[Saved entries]
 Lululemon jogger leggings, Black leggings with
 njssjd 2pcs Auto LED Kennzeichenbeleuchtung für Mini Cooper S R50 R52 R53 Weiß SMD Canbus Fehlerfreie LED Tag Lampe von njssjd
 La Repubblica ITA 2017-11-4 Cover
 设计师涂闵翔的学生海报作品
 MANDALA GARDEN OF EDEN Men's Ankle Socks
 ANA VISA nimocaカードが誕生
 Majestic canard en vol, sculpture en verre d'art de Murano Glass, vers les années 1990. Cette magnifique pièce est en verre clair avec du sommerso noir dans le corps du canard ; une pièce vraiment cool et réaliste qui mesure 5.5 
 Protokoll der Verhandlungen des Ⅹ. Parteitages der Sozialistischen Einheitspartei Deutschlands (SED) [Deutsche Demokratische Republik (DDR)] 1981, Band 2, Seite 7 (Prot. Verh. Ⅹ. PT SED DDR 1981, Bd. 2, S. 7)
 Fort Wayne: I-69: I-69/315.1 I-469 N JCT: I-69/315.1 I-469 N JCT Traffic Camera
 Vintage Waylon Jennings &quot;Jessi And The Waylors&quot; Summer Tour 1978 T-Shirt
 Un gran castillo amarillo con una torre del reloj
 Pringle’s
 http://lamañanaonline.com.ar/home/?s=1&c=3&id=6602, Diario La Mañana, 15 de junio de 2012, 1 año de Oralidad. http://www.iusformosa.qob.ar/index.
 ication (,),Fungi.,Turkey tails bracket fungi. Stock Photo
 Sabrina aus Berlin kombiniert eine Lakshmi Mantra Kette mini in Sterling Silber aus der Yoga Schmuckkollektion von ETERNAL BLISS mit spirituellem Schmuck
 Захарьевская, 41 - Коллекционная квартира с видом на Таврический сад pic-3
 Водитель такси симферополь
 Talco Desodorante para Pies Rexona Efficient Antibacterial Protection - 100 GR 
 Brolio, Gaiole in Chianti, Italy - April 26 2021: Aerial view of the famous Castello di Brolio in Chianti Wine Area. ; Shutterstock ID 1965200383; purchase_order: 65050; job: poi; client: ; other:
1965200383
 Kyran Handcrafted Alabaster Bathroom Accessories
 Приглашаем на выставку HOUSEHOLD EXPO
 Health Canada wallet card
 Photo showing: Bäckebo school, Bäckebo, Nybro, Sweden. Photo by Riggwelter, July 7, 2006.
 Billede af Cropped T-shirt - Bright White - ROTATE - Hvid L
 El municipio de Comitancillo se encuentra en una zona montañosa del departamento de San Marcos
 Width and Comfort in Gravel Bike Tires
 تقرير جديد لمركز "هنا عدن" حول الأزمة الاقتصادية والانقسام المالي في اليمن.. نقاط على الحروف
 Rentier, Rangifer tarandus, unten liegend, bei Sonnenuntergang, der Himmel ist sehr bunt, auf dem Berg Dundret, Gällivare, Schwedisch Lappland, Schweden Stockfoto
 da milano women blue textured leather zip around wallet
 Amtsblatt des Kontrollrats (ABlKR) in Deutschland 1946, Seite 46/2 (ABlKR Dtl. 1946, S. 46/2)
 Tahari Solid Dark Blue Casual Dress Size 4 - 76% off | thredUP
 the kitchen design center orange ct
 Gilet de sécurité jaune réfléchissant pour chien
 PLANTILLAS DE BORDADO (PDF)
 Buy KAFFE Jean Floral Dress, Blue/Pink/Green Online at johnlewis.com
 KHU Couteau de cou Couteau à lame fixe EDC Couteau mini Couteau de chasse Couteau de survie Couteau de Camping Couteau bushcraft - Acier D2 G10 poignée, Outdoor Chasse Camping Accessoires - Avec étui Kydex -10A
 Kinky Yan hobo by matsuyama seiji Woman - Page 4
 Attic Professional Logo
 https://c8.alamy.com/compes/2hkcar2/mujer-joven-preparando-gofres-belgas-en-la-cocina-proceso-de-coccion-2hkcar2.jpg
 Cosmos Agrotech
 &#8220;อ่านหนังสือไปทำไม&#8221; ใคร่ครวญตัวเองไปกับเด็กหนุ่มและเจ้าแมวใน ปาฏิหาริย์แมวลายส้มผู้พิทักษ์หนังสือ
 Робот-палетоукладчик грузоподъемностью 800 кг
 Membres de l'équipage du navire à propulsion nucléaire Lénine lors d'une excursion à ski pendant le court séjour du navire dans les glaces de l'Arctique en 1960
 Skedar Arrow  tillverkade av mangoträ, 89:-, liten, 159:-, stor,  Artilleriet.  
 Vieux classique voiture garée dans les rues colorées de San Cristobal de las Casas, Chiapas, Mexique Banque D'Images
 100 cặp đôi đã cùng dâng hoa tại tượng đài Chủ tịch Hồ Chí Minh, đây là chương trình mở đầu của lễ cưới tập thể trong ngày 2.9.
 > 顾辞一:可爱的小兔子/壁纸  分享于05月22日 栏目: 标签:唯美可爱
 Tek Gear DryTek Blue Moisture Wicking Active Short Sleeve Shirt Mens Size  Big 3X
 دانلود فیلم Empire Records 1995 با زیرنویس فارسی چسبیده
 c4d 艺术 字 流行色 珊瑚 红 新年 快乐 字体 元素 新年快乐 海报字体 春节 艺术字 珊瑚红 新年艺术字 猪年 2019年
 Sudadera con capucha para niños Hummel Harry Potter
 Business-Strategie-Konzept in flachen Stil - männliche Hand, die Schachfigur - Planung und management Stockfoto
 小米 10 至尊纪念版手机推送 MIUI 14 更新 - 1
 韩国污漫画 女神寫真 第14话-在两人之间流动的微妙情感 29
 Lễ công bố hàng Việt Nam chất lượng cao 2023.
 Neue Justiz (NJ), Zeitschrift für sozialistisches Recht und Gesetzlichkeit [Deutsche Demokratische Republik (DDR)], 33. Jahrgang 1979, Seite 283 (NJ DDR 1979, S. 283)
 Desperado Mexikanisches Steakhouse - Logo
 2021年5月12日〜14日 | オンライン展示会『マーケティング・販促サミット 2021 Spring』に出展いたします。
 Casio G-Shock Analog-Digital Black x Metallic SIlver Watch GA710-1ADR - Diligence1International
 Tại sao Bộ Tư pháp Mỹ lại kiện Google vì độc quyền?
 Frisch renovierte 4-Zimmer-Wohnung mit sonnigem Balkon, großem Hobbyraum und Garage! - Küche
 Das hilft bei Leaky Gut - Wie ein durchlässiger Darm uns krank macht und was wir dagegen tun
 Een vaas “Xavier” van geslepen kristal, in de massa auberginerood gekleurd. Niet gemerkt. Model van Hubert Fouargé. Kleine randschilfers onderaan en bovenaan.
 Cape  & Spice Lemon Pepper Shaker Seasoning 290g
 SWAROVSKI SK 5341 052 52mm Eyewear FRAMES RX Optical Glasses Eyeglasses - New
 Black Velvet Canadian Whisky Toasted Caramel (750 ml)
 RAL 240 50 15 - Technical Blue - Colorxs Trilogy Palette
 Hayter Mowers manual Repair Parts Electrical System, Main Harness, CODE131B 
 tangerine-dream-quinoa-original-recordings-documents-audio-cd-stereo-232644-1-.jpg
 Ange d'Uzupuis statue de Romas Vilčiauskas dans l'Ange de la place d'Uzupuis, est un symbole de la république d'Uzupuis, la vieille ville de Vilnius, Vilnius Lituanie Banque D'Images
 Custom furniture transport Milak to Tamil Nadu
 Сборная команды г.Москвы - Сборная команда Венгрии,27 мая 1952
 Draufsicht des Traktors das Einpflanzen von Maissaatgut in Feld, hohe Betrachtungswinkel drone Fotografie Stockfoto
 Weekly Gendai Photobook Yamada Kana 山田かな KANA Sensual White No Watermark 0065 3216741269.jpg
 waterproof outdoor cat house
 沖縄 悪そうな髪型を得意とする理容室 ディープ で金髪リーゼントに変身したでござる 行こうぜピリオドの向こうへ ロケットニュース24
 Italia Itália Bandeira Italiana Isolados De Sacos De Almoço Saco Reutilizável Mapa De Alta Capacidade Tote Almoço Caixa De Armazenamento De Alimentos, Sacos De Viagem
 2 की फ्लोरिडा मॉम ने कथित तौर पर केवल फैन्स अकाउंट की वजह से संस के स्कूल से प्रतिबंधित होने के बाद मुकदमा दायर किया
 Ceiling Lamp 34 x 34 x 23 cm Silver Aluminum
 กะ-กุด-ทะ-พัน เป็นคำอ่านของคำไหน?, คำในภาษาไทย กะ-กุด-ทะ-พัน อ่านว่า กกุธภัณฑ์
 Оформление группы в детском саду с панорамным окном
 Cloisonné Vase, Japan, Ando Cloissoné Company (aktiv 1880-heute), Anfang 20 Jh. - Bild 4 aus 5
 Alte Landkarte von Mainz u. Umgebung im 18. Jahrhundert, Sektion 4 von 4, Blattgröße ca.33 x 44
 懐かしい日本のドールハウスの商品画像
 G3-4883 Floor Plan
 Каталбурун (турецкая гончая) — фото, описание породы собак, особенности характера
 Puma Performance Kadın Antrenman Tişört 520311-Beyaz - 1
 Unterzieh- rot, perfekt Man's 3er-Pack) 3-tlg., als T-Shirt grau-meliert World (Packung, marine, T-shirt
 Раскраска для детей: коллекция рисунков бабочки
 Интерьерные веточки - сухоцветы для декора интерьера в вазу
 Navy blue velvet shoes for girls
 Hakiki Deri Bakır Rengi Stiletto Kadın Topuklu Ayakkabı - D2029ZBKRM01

What is being asked -
In the data above, find the line that contains "Business-Strategie-Konzept in flachen" and the line that contains "Das hilft bei". Repeat exactly those lines and every line between them, and only those.

Task response -
 Business-Strategie-Konzept in flachen Stil - männliche Hand, die Schachfigur - Planung und management Stockfoto
 小米 10 至尊纪念版手机推送 MIUI 14 更新 - 1
 韩国污漫画 女神寫真 第14话-在两人之间流动的微妙情感 29
 Lễ công bố hàng Việt Nam chất lượng cao 2023.
 Neue Justiz (NJ), Zeitschrift für sozialistisches Recht und Gesetzlichkeit [Deutsche Demokratische Republik (DDR)], 33. Jahrgang 1979, Seite 283 (NJ DDR 1979, S. 283)
 Desperado Mexikanisches Steakhouse - Logo
 2021年5月12日〜14日 | オンライン展示会『マーケティング・販促サミット 2021 Spring』に出展いたします。
 Casio G-Shock Analog-Digital Black x Metallic SIlver Watch GA710-1ADR - Diligence1International
 Tại sao Bộ Tư pháp Mỹ lại kiện Google vì độc quyền?
 Frisch renovierte 4-Zimmer-Wohnung mit sonnigem Balkon, großem Hobbyraum und Garage! - Küche
 Das hilft bei Leaky Gut - Wie ein durchlässiger Darm uns krank macht und was wir dagegen tun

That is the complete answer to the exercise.